Brückenpfeiler Nr. 2: Gegründet im gesellschaftlichen Leben

Wohl jeder hat schon mal Leute getroffen, die in der Tat sehr tief in der Bibel verwurzelt sind, deren Füße aber leider nicht mehr auf dem Teppich blieben. Sie sind weder von dieser Welt noch in dieser Welt. Wie Außerirdische sprechen sie eine unverständliche Sprache und ihr Verhalten ist ebenso weltfremd. Solche Menschen können phantastische Denker sein und uns helfen, tiefer in die vielen versteckten Geheimnisse der Heiligen Schrift vorzudringen. Als Gemeindegründer sind sie jedoch nur begrenzt von Nutzen. Sie sind wie Pond d’Avignon, jene berühmte mittelalterliche Brücke im Süden Frankreichs, die es nur bis zur Mitte des Flusses geschafft hat. Sur le pond d’Avignon ist’s romantisch schön – doch die Brücke ist nutzlos. Wir denken zum Beispiel an den Klerus in kunstvollen Gewändern oder in höheren Sphären schwebende Theologen, deren Sprache Kanaans uns rästelhaft bleibt. Doch bevor du nun zustimmend über solche Leute den Kopf schüttelst, nimm zuvor noch die demütigende Wahrheit zur Kenntnis, dass leider sehr viele Christen große Probleme damit haben, sich selbst in die Welt der Ungläubigen einzuflechten. Wir sprechen also nicht nur von Bischöfen und schwere Bücher wälzenden Theologen. Es geht um jeden, dem es schwerfällt, die fromme Blase zu verlassen und sich der Welt da draußen auszusetzen. Wie Pond d’Avignon mögen wir der anderen Seite um einiges näher kommen, wir sehen, was da vor sich geht, wir sprechen darüber. Wir beten sogar für jene, die wir sehen und jenes, was passiert. Und dann? Dann wenden wir uns um und gehen zurück ans eigene sichere Ufer. Die echte Interaktion mit der anderen Seit bleibt aus – da ist kein “sich selbst ‘entäußern'”, kein Verzicht wie Christus es getan hat, als er sich auf unsere Stufe stellte (Phil 2,7-8). Entsprechend gibt es auch in der Theologie keine echte Interaktion mit der anderen Seite. So wichtig unsere Theolgie ist, vieles erscheint weltfremd und irrelevant.
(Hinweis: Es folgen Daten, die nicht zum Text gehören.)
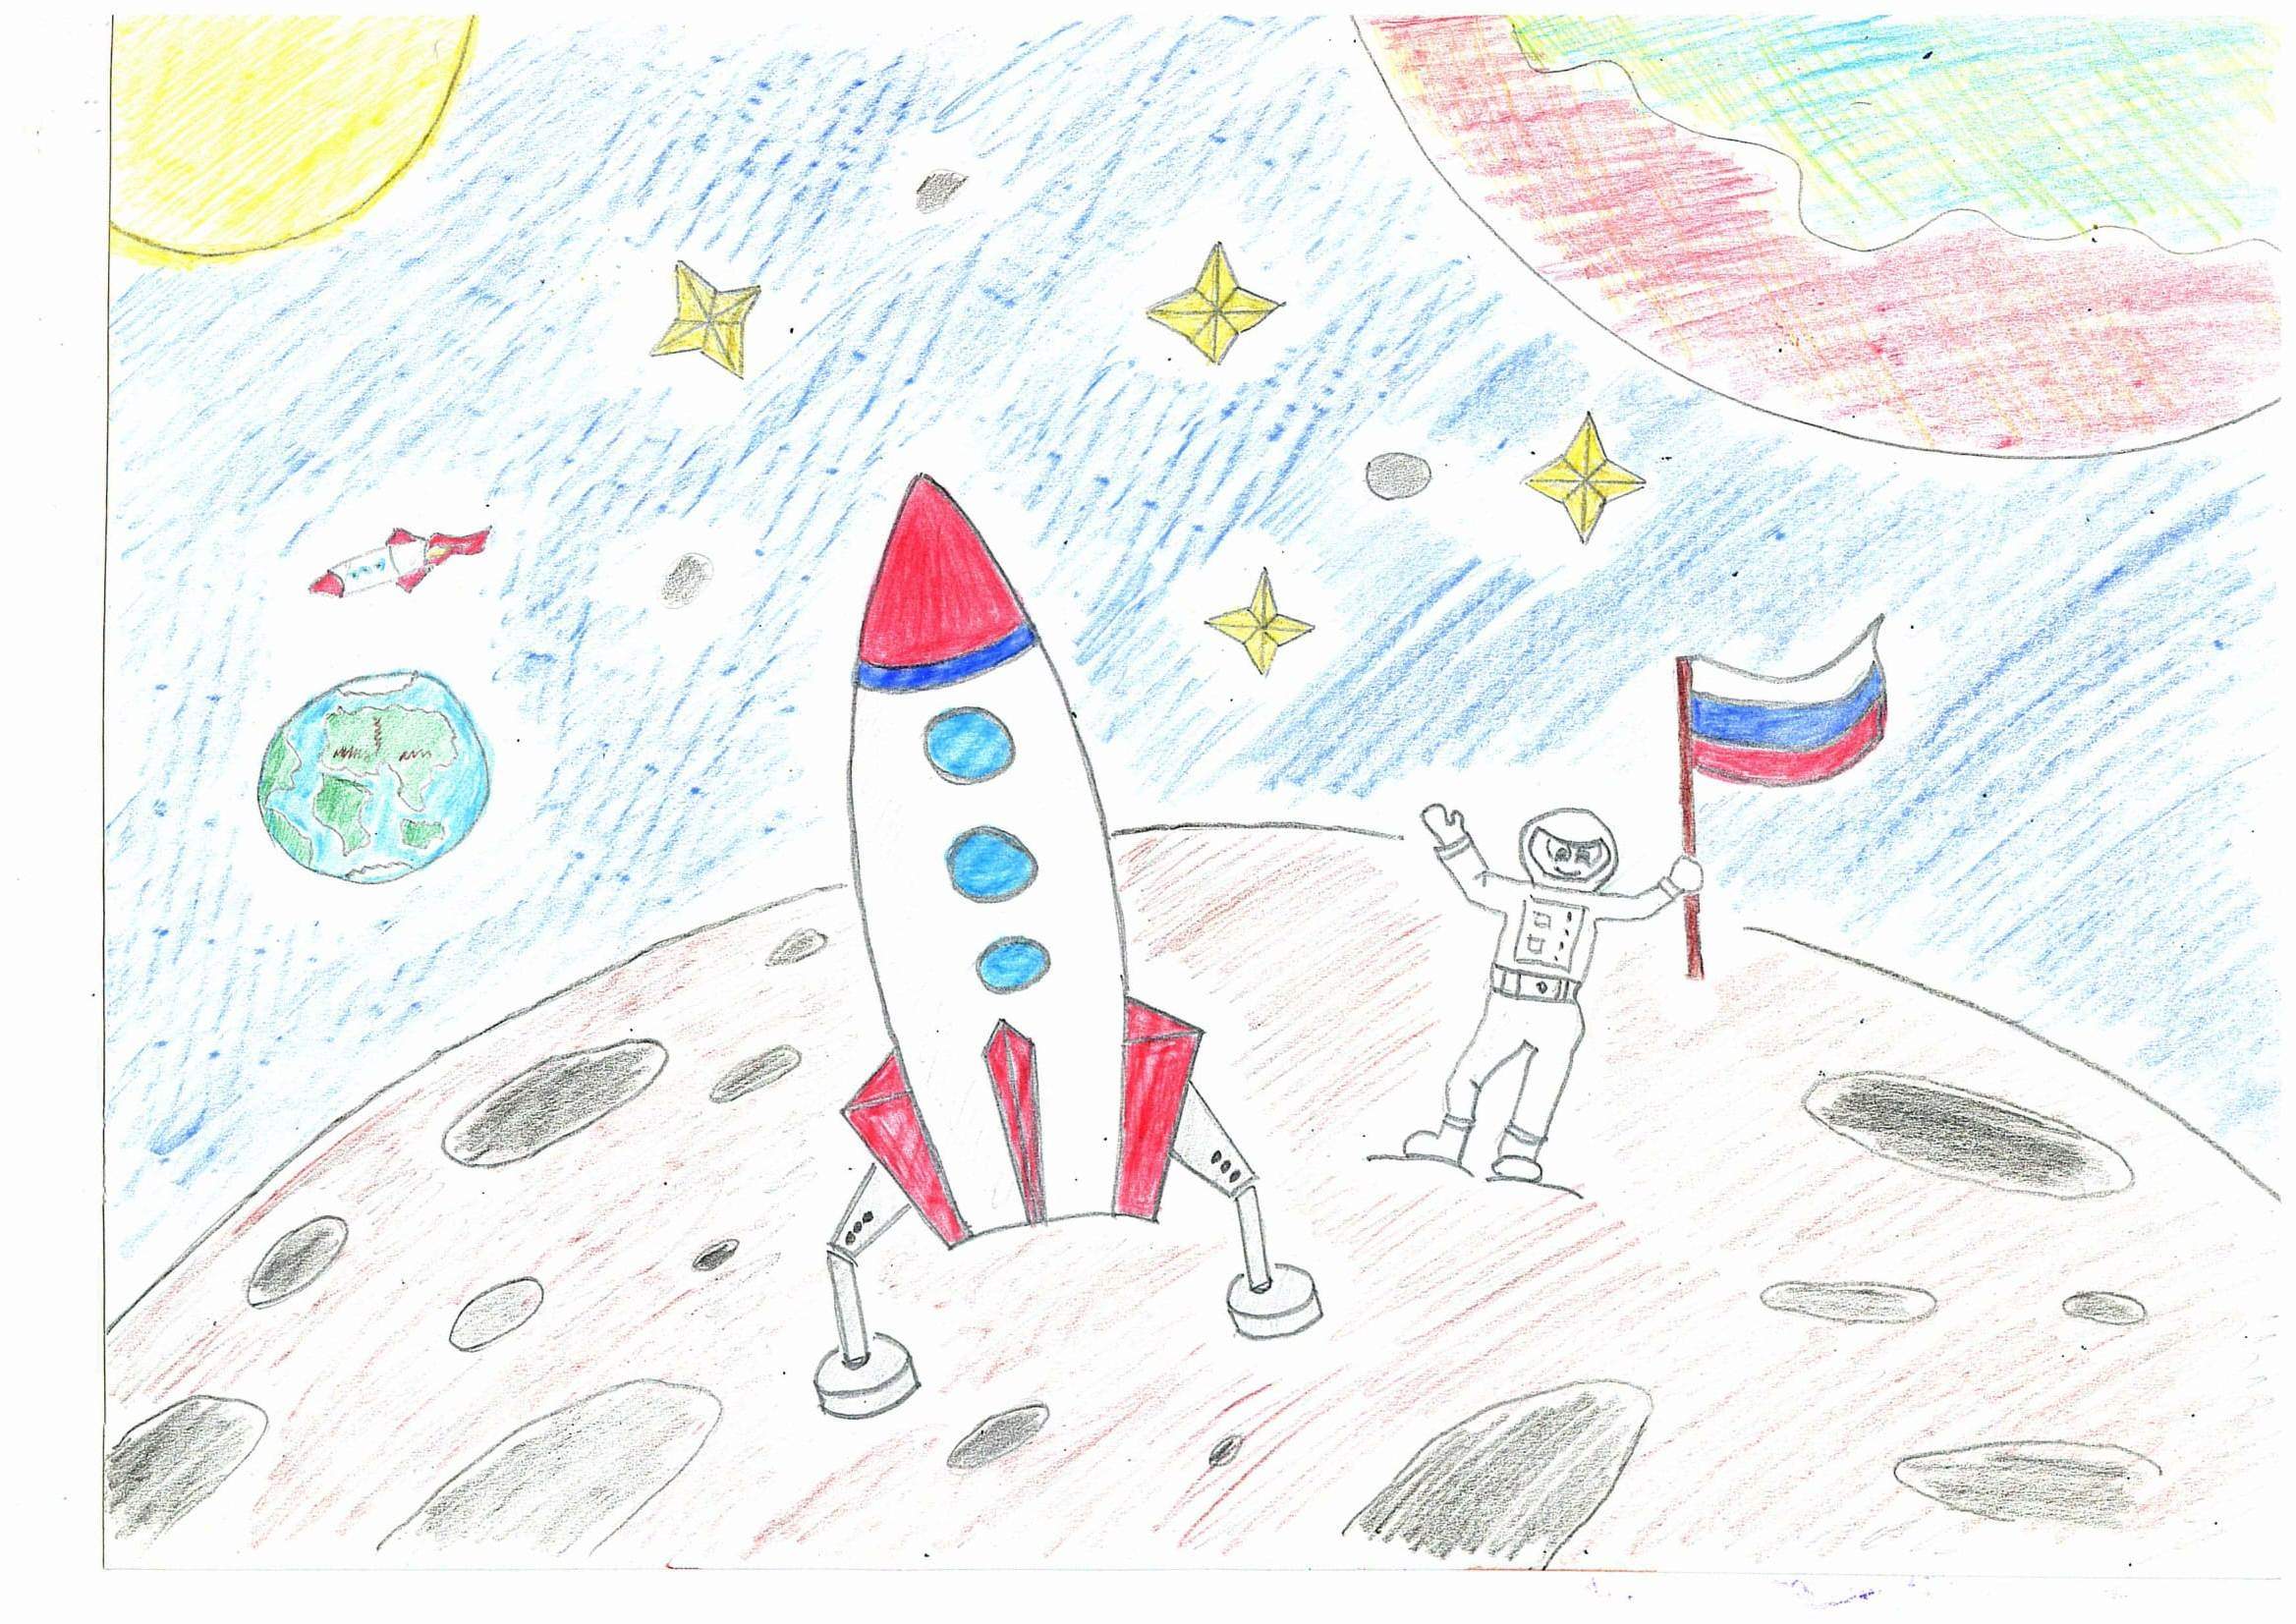 Рисунок на тему космонавтики 5 класс. Рисунок на тему космос. Рисунок на космическую тему. Рисование ко Дню космонавтики. Рисунок ко Дню космонавтики.

Neulich sprach ich mit einer völlig kirchenfremden Frau, die sich in eine fromme Blase “verirrt” hatte. Ihr positives Resumee: “Scheiße, so viele verdammt geile Leute hier!” Das war ein tiefes Lob – doch das fromme Milieu erschien ihr dennoch wie ein anderer Planet, der unerreichbar weit weg vom eigenen Alltag war. Diese “verdammt geilen Leute” waren einfach zu gut, zu heilig, ihr Glaube zu theoretisch, ihr Lebensstil utopisch.
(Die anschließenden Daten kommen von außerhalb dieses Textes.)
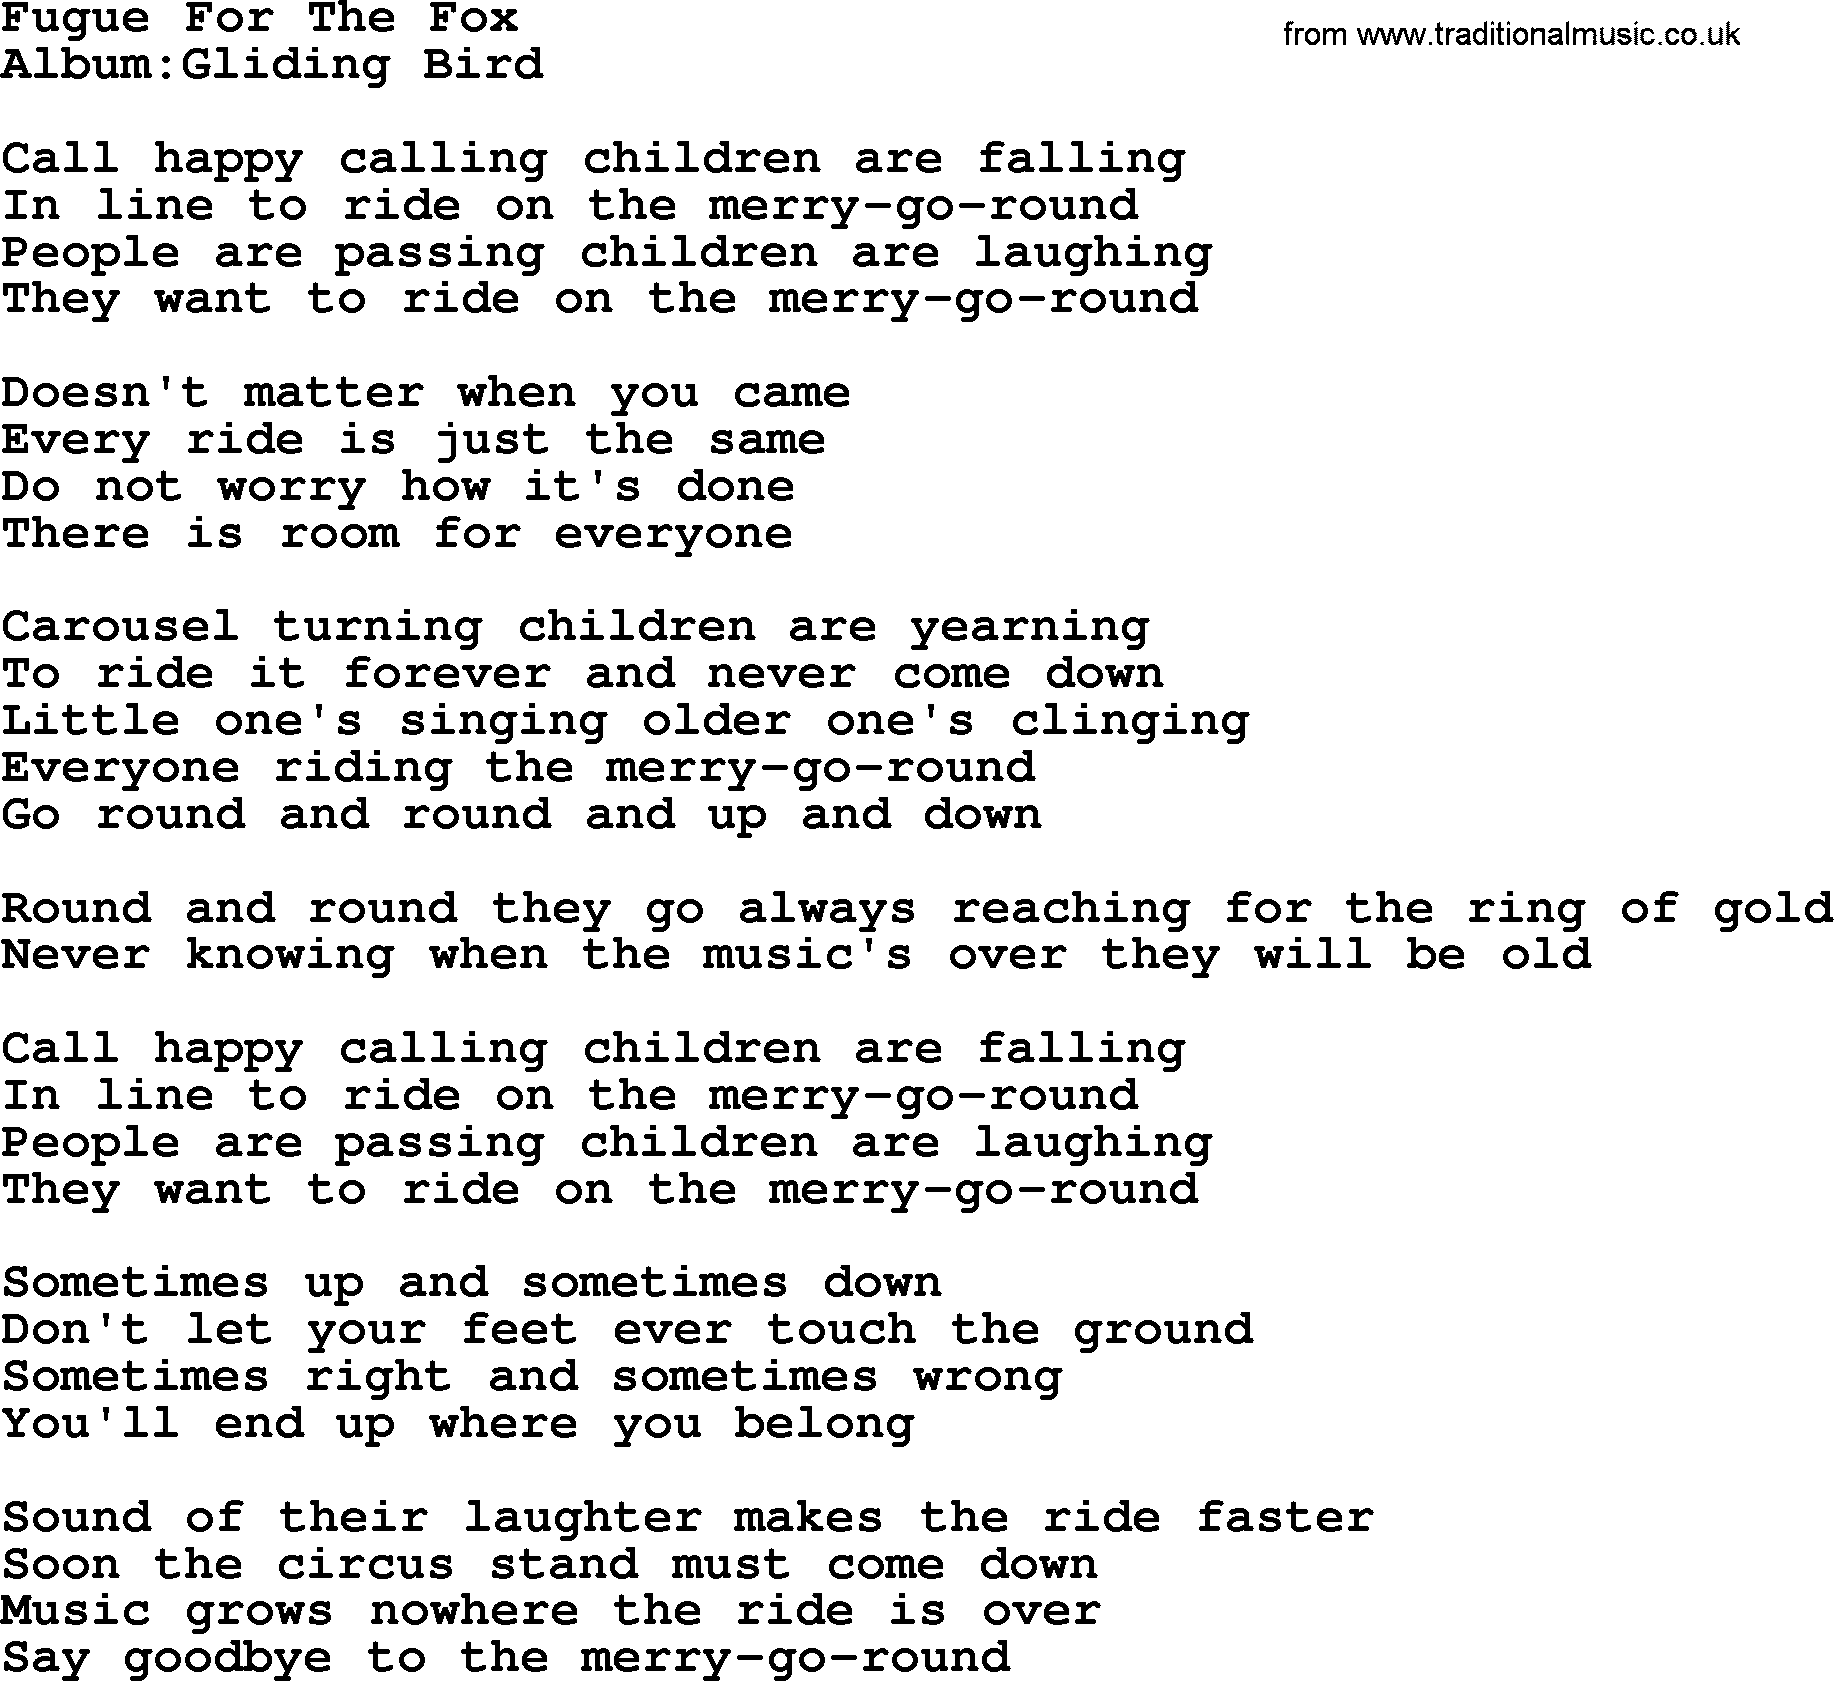 Emmylou Harris song: Fugue For The Fox lyrics

Wir aber wollen Christus reflektieren, der seinen Thron im heiligen Palast des Himmels verlassen hat und frewillig auf die kriegsbesetze Erde zog. In gleicher Manier müssen wir hinaus aus unseren frommen Enklaven und hinein in die Welt. Um eine echte Brücke zu bauen, müssen wir auf der anderen Seite verankert sein. In die Welt eintauchen, sich mit ihrer Kultur, Denk- und Lebensweise beschäftigen. Das ist keine Wahl. Es ist Vorschrift. Wir sind dazu verpflichtet, unsere himmlischen Bequemlichkeitsbereiche zu verlassen und einer von denen zu werden (Phil 2,8) oder, wie Paulus es ausdrückt, den Juden ein Jude, den Ausländern ein Ausländer, den Postmodernen ein Postmoderner zu werden. Wir müssen uns mit ihnen anfreunden – und sie sich mit uns, damit wir uns gegenseitig verstehen lernen und durchschauen können, wie man jenseits des eigenen Ufers lebt, fühlt, fürchtet, träumt. Alles, was diesem Maßstab nicht entspricht, bricht das Gebot “liebe deinen Nächsten wie dich selbst”.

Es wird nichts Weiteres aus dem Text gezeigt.